The basic elements of East Asia’s success story are well known. At the outset of their respective take-offs (Japan in, say, 1950, South Korea, henceforth Korea, and Taiwan in about 1960, China around 1980), the four countries were relatively poor. Japan’s per capita GDP in purchasing power parities stood in 1950 at barely 20 per cent of the US level. Korea and Taiwan in 1960 were barely at the level of Sub-Saharan Africa, while China was below that level in 1980. By 2021, Japan, Korea and Taiwan had reached 65 to 90 per cent of the US level, while China, after four decades of above 8 per cent annual growth, was at a 30 per cent level. Hardly any other country, bar the city states of Hong Kong and Singapore, can boast of similar achievements.

Equally well-known are many of the explanations that have been put forward for this exceptional experience. A major investigation by the World Bank stressed a number of features of the East Asian model which were conducive to growth: high rates of savings and investment in both physical and human capital, conservative macroeconomic policies, homogenous societies, competent bureaucracies, etc. (World Bank, 1993).

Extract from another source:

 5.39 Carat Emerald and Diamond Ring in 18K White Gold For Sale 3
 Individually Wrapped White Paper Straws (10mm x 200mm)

That same investigation, however, attributed only a rather minor role at best to interventionist economic policies, as did a number of other works on this issue (e.g., Little, 1979; Calder, 1993; Little et al., 1994; Beason and Weinstein, 1996; Pack and Saggi, 2006).

This very brief paper takes a new look at the issue by examining not so much the overall growth record but the changes in the comparative advantage of the four countries over the 1950-2020 period. At the outset, these countries were seen as relatively labour abundant developing economies, fit no doubt for simple labour-intensive sectors such as textiles and clothing, but highly unlikely to prosper in advanced manufacturing industries. Today, Japan, Korea and Taiwan are considered high-tech powerhouses while China is close to becoming one. Section I looks at what happened to their comparative advantage in one particular advanced sector. Section II looks for explanations and a final paragraph concludes.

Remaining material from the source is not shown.